Clarke v. Greenberg case brief

Clarke v. Greenberg case brief summary
296 N.Y. 146

SYNOPSIS: Plaintiff corporation appealed from a judgment of the Appellate Division of the Supreme Court in the First Judicial Department (New York) granting defendant stockholders' motion for a dismissal of plaintiff's complaint upon the ground that it did not state facts sufficient to constitute a cause of action.

FACTS: Defendants in this action were stockholders who commenced a derivative action in which they alleged that the officers and directors of plaintiff corporation had mismanaged its affairs so that the company and stockholders were damaged. In the underlying action, the stockholders asked the court for an accounting and the imposition of a trust in favor of the corporation for all secret profits obtained by any of the directors. The suit was discontinued by stipulation and defendants in this action received a settlement for the use of, and in trust for the corporation, but failed to account to the corporation or its trustee, and were unjustly enriched.

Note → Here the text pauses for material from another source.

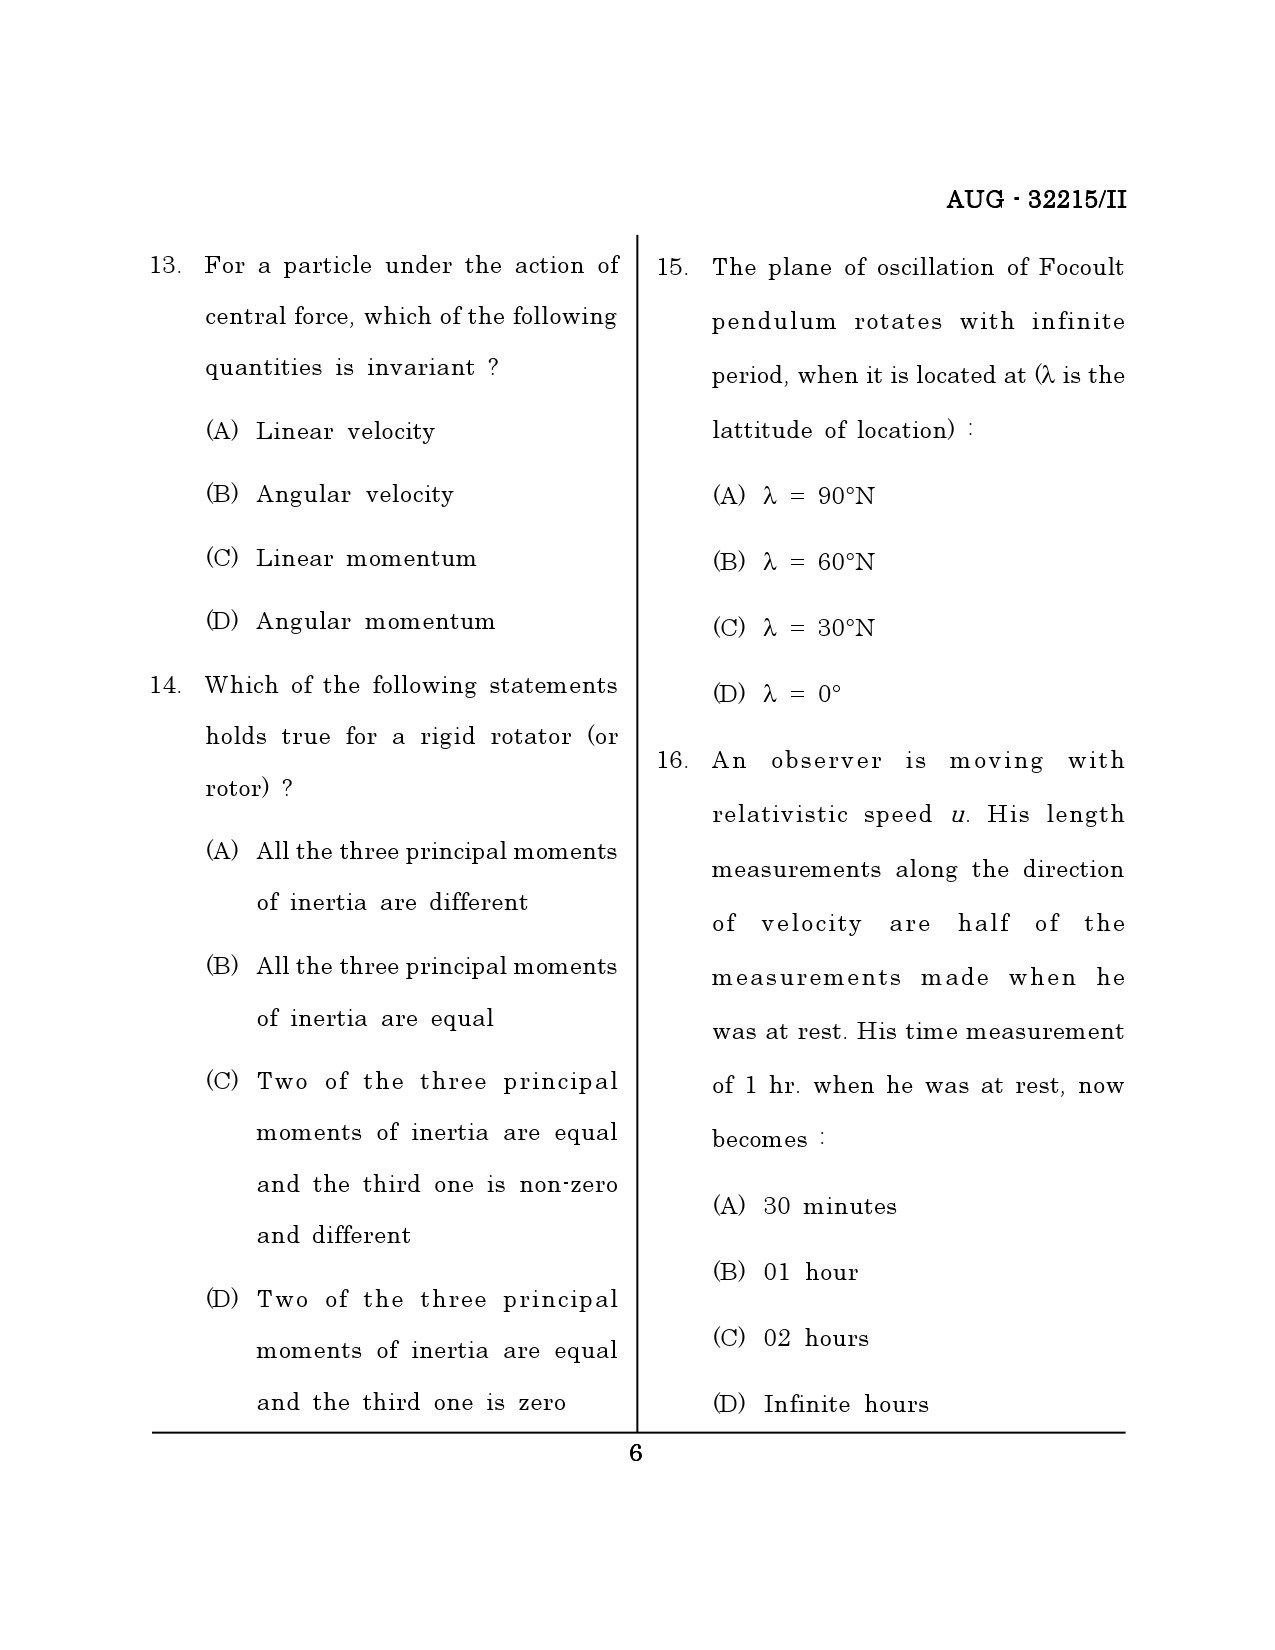 Maharashtra SET Physical Science Question Paper II August 2015 5

The court here determined that the proceeds belonged primarily to plaintiff corporation, the real party in interest, and any judgment so obtained, including the proceeds of a settlement with court approval, belonged to plaintiff corporation and not to defendant stockholders.

OUTCOME: The court reversed the motion for dismissal of plaintiff corporation's complaint, finding that the complaint stated a cause of action.